- [To do]:
All that is wanted is the line with "Eine blockige Figur" and each line after it to the end of the data below, set down exactly and without pictures.

- [Collected data]:

------------------------------------

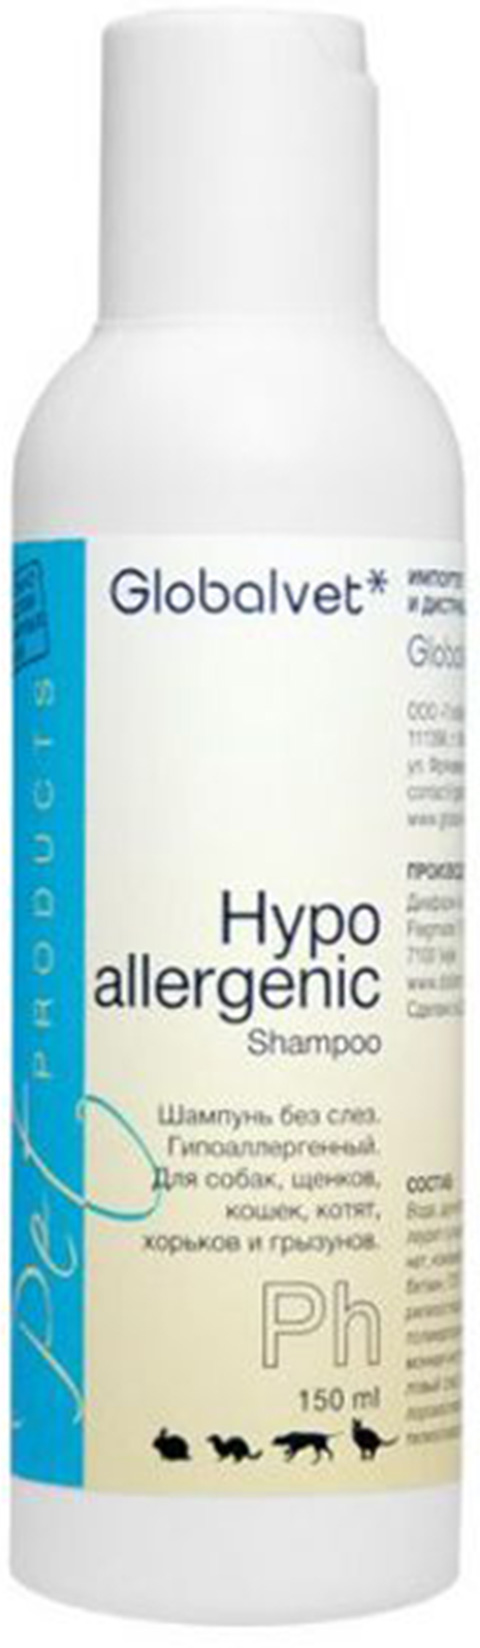 

Globalvet Hypoallergenic Shampoo шампунь для собак, кошек и хорьков гипоаллергенный (150 мл)
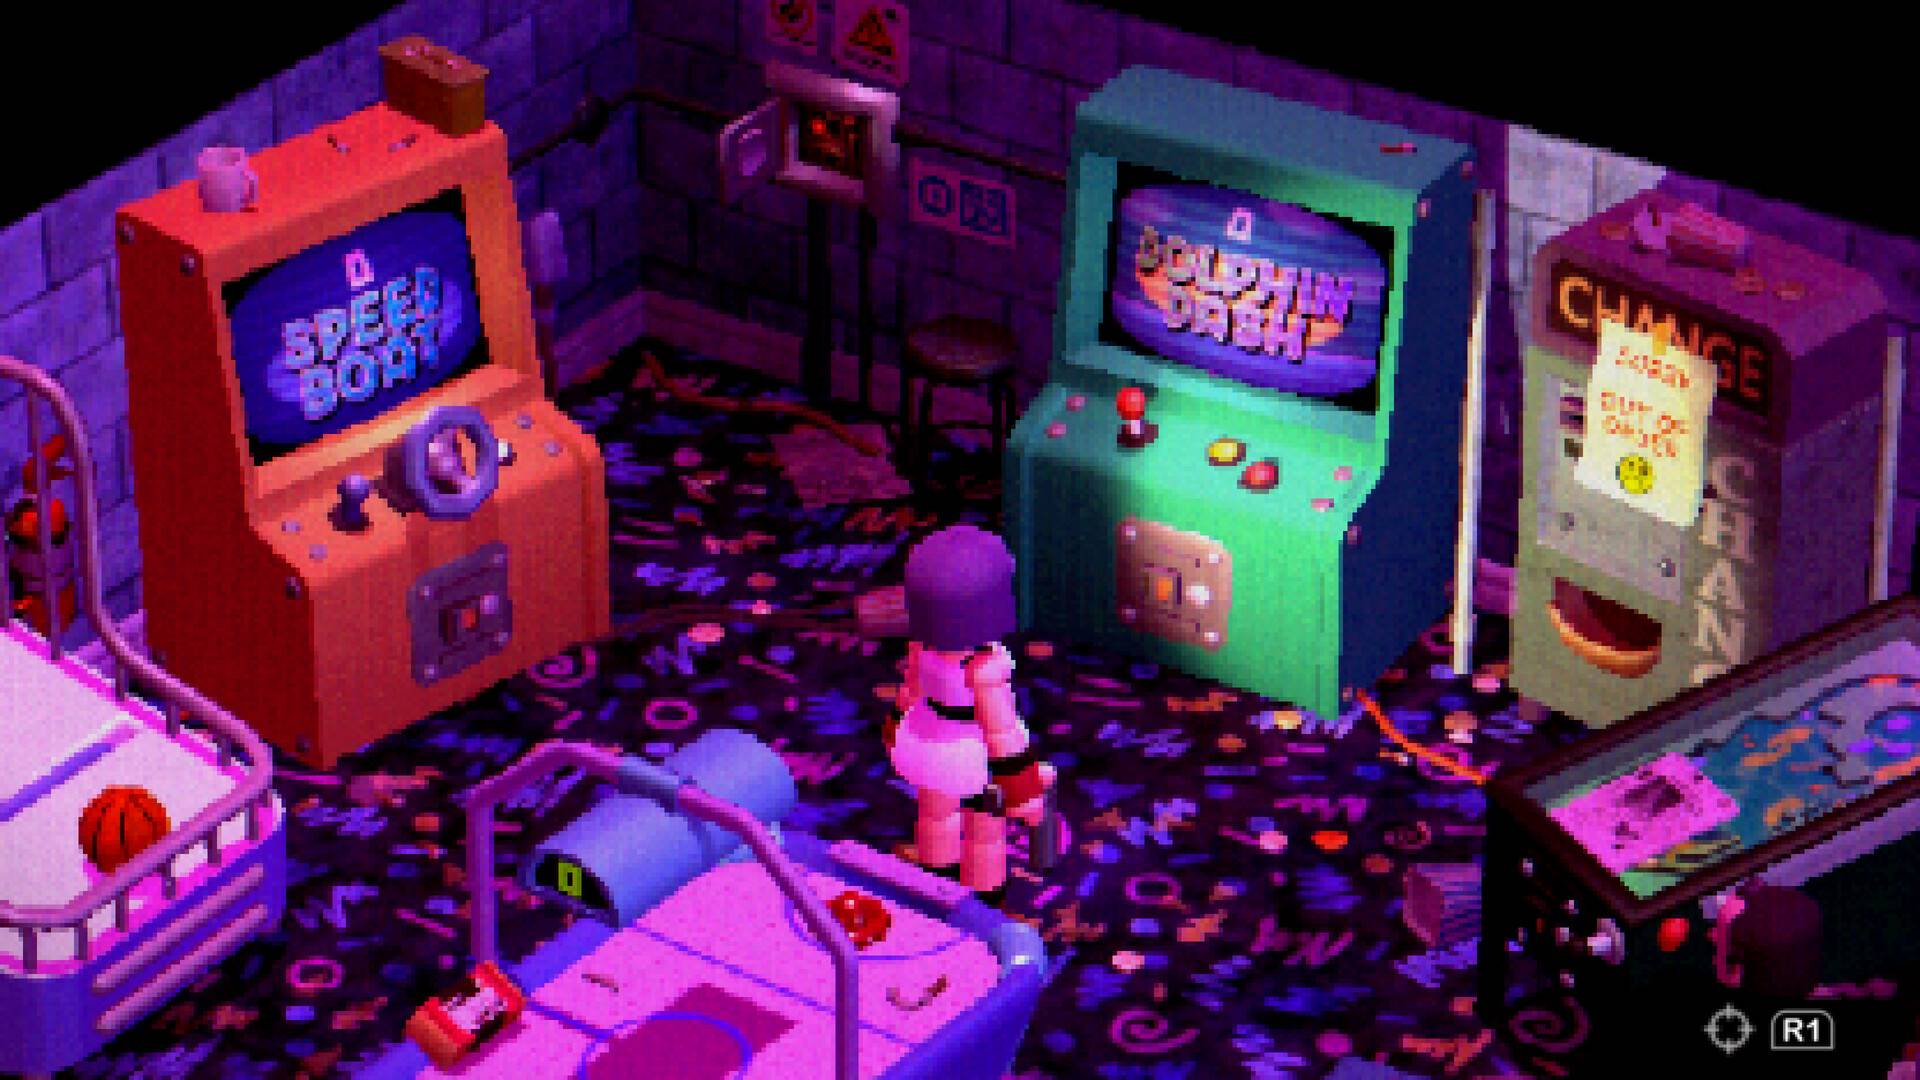 Eine blockige Figur steht in einer farbenfrohen Spielhalle
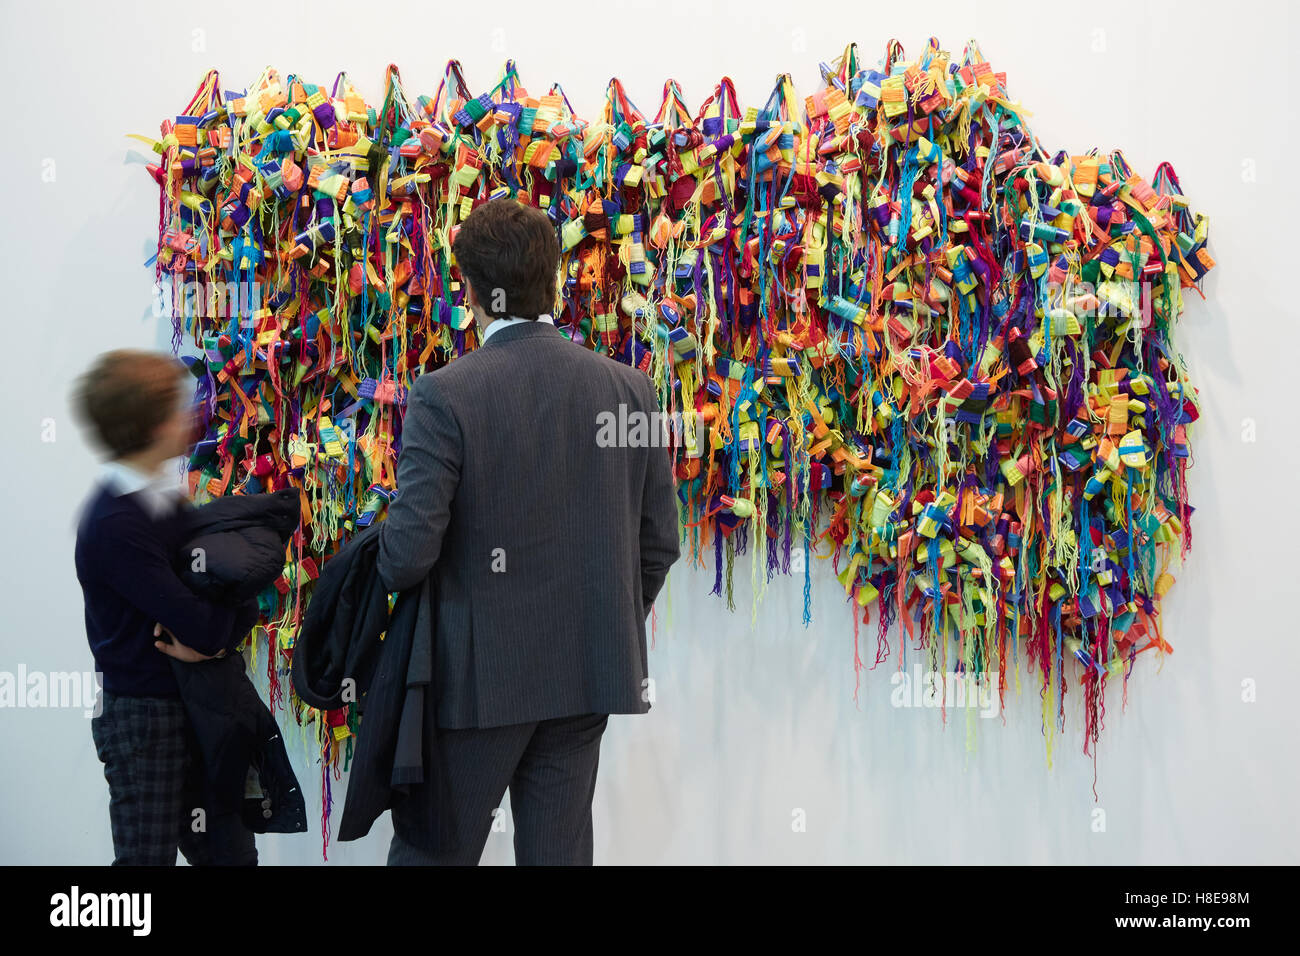 Uomo e ragazzo nei pressi di vivaci scultura durante Artissima, fiera di arte contemporanea apertura a Torino Foto Stock

------------------------------------

- [Exercise output]:
 Eine blockige Figur steht in einer farbenfrohen Spielhalle
 Uomo e ragazzo nei pressi di vivaci scultura durante Artissima, fiera di arte contemporanea apertura a Torino Foto Stock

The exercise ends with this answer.